Before we will submit a request for more DataCap to this allocator, please verify that you will instruct, support, and require your clients to work with retrievable storage providers.

@nicelove666 can you verify that you will enforce retrievability requirements, such as through Spark? Please reply here with acknowledgement and any additional details for our review.

nicelove666 commented 3 months ago

Dear Galen @galen-mcandrew ,

We confirm that we will guide, support, and require our clients to collaborate with retrievable SP to ensure their successful data storage and retrieval.

Our allocator supports three main types of applications: public datasets, enterprise clients, and individual clients. In the first round, we received applications from individuals and public datasets, and in the next round, we will support applications from enterprise clients.

Due to the early launch of our allocator, before Spark was introduced, we primarily used Boost and Lassie for data retrieval, and the retrieved data looked good at the time. However, after the emergence of Spark, we found that the success rate on this platform was relatively low. We have communicated with the Spark team (https://github.com/filecoin-station/spark/issues/74) and are actively seeking solutions.
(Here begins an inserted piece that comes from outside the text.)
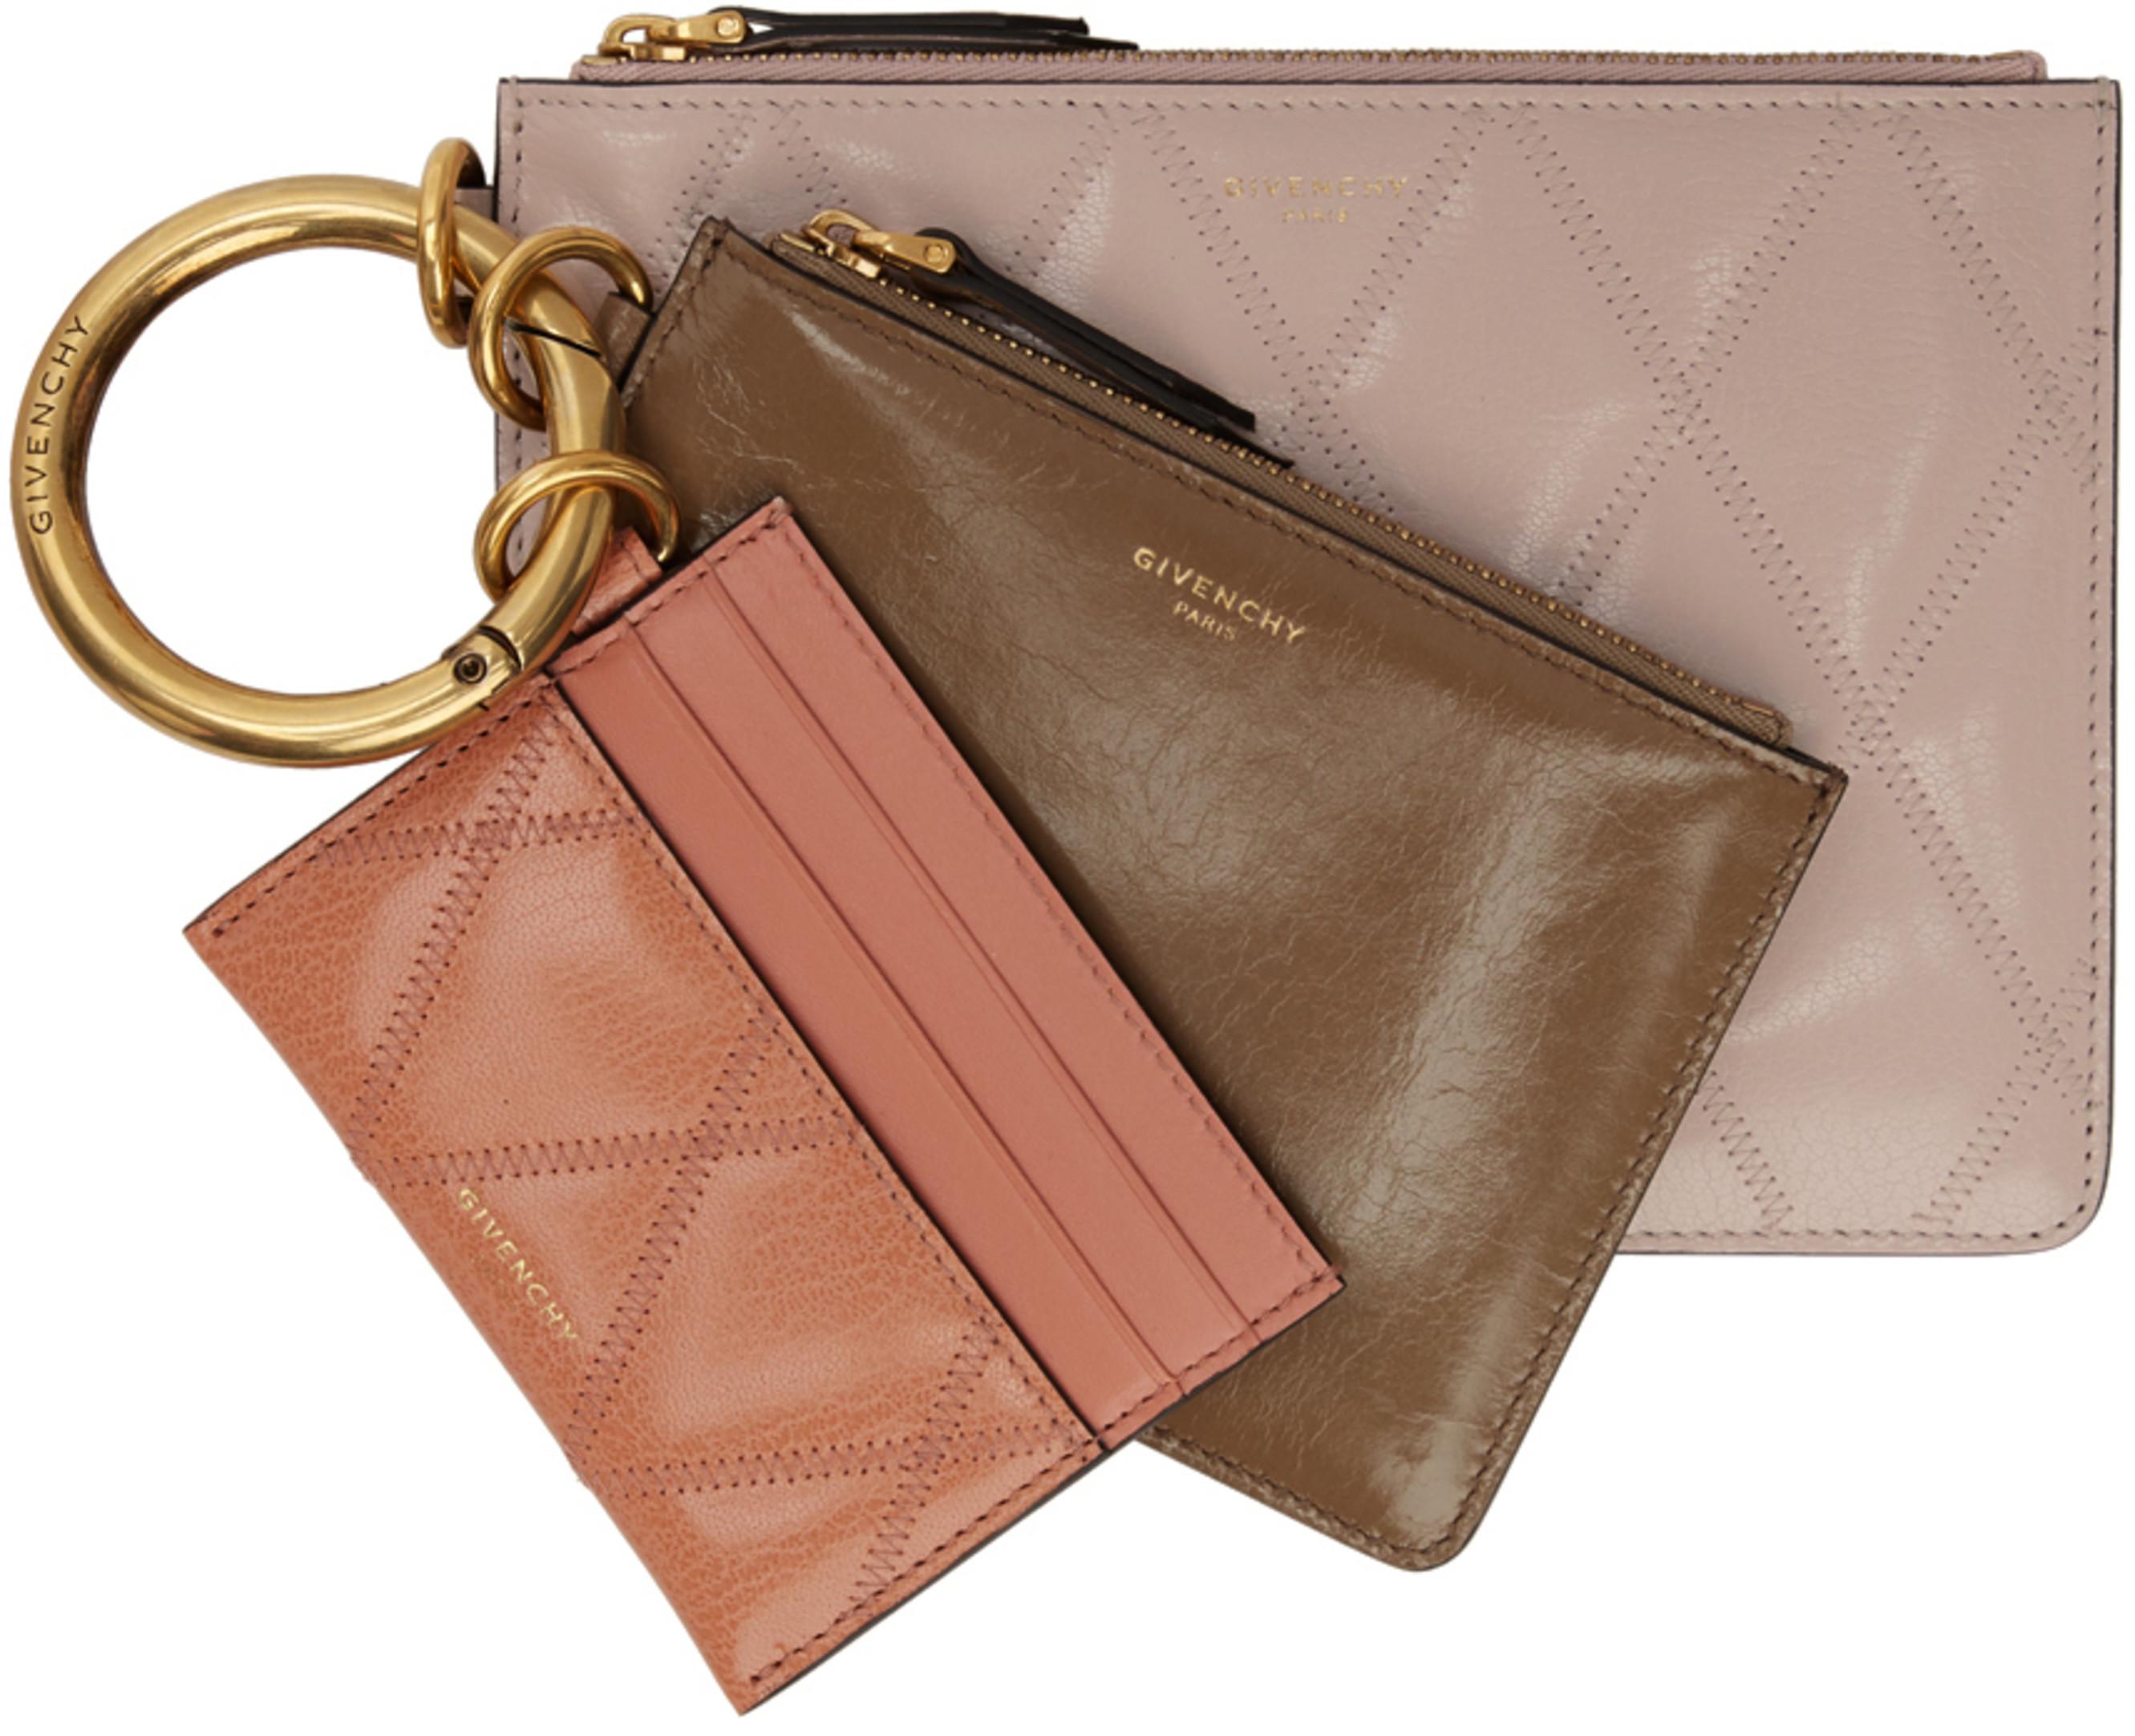 e58403c0d57 Givenchy bags for Women   SSENSE
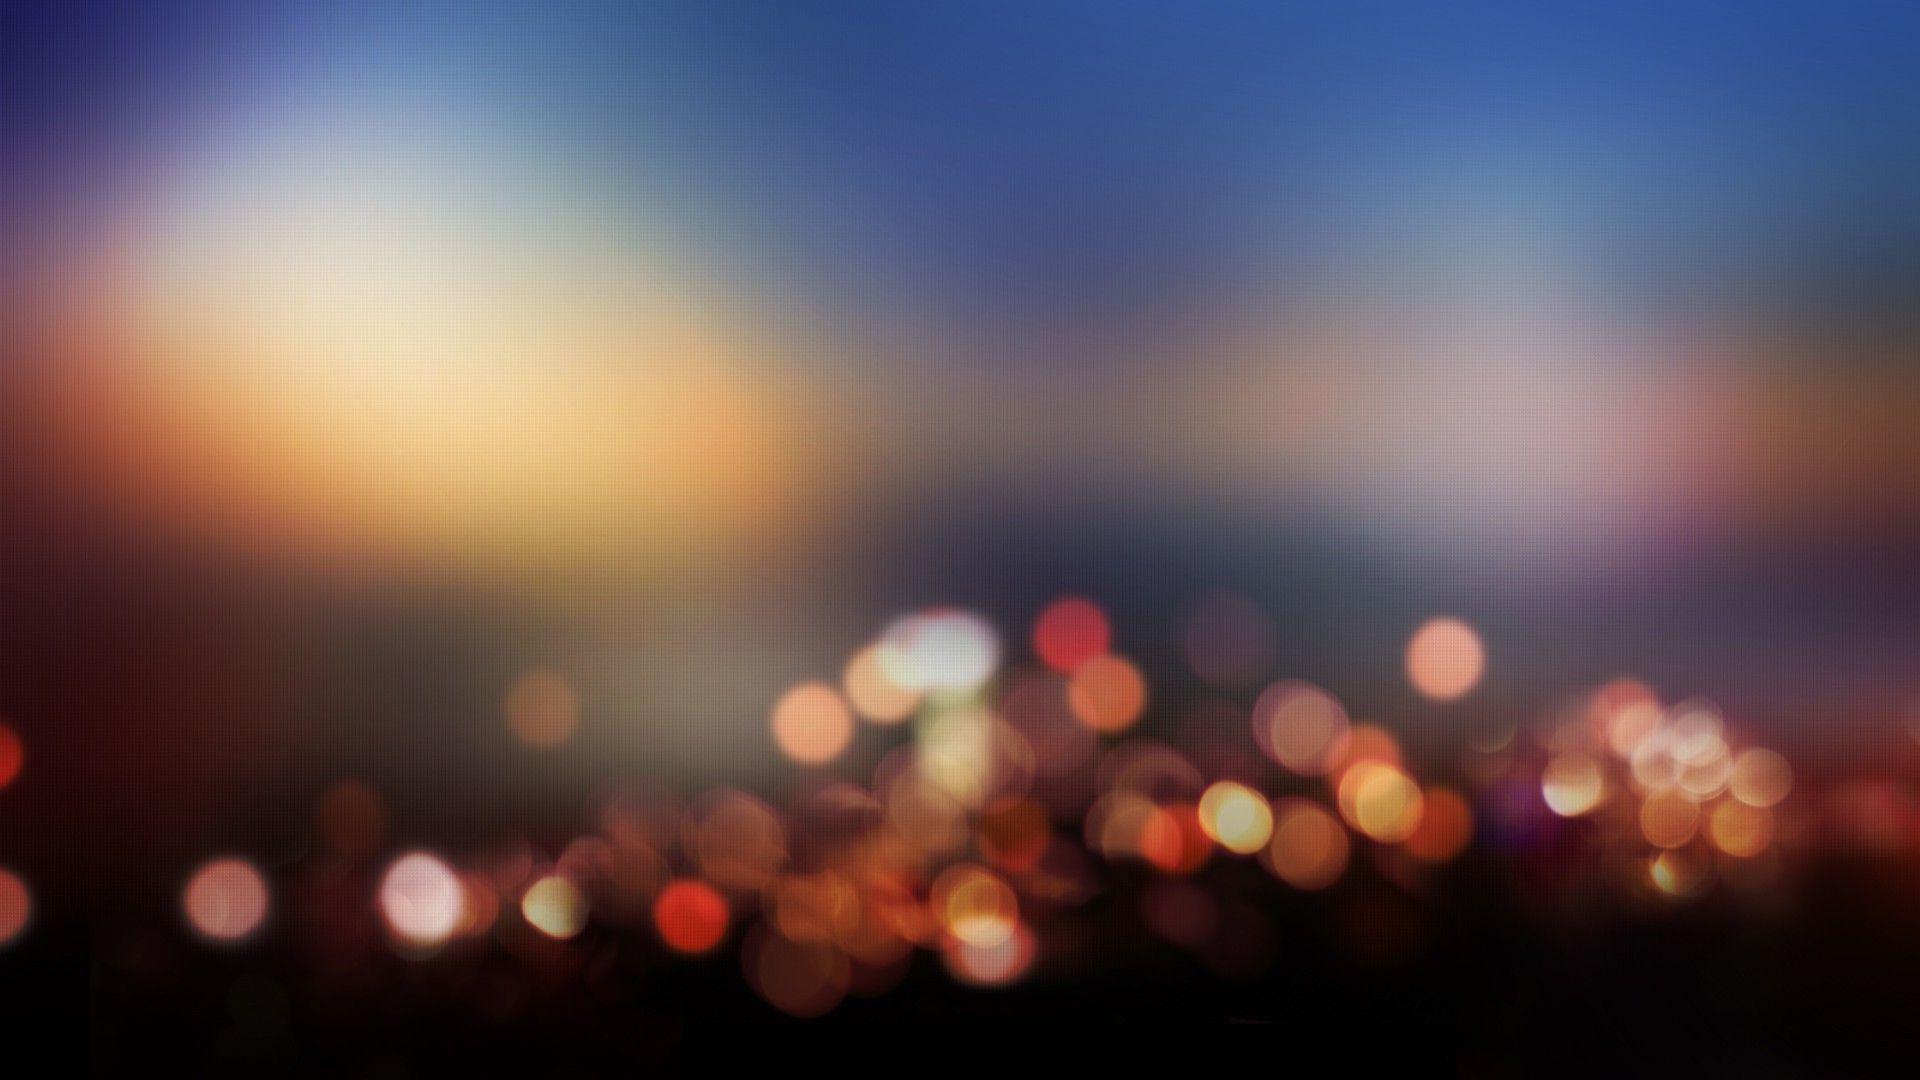 Blurred City Lights Wallpaper City Lights Wallpaper Android Wallpaper City Wallpaper Hd wallpaper lights blur city glare

Going forward, we will focus on data retrieval and require clients to provide more accurate transaction information. If the transaction information is inaccurate, we will intervene and request the client to update it. Only after the information is updated will we consider granting more DataCap.

I will closely monitor the SP's disclosures and retrieval situation. If you have any guidance, please contact us at any time.

nicelove666 commented 3 months ago
WX20240611-094208@2x
galen-mcandrew commented 3 months ago

Thank you for the confirmation and update! Looking forward to seeing the continued diligence & onboarding through this pathway.

We will be requesting 10PiB of DataCap for this allocator to increase runway and scale.

nicelove666 commented 3 months ago

Hey, dear Galen, thanks for your reply, support, and help! Through our efforts, the number of SPs supporting Spark has increased by one. Currently, there are two SPs supporting Spark, f02951213 and f02894875. Moving forward, we will focus on the retrieval functionality of SPs on Spark, and I believe we can do a good job! Our communication with Spark will mainly be reflected here. If there is important content in the phone communication, we will also synchronize it.https://github.com/filecoin-station/spark/issues/74

filecoin-watchdog commented 3 months ago

@nicelove666 looks like you gave a brand new github ID 1.75PiBs over 4 days with no retrievals on most SPs after each allocation. https://github.com/nicelove666/Allocator-Pathway-IPFSTT/issues/27

can you explain why you keep giving DataCap to non retrieval SPs? cc @galen-mcandrew

nicelove666 commented 3 months ago

@filecoin-watchdog It's been two years, and you've left messages on nearly all of our LDNs (over 20 LDNs). It seems you are particularly concerned about us. Thanks for your attention. Given the limitations of written expression, we can have an in-depth discussion at next week's meeting.

  1. The 1.75P was released in three rounds: 256T in the first round, 512T in the second round, and 1P in the third round. Below is the Allocation Tranche Schedule we submitted when applying, which we are strictly adhering to.

    WX20240620-175108@2x
  2. Before approving the next round, we reviewed the client data, and everything looks good. This includes the disclosed SPs and the final cooperating SPs being the same, with each SP's share not exceeding 25%. We manually checked the retrieval rates of the SPs, and the data stands up to scrutiny. The SPs do not use VPNs and are distributed across two major continents.

  3. All SPs support Boost and Lassie retrieval. You are welcome to query our CIDs on filecoin.tools, and the retrieval by our cooperating SPs will return correctly, proving that they all support retrieval.

  4. Some SPs support Spark retrieval, and you can see the data. The data for other SPs is in the process of being improved. Regarding the Spark, we have had detailed discussions on Slack, and we are waiting your data about Spark.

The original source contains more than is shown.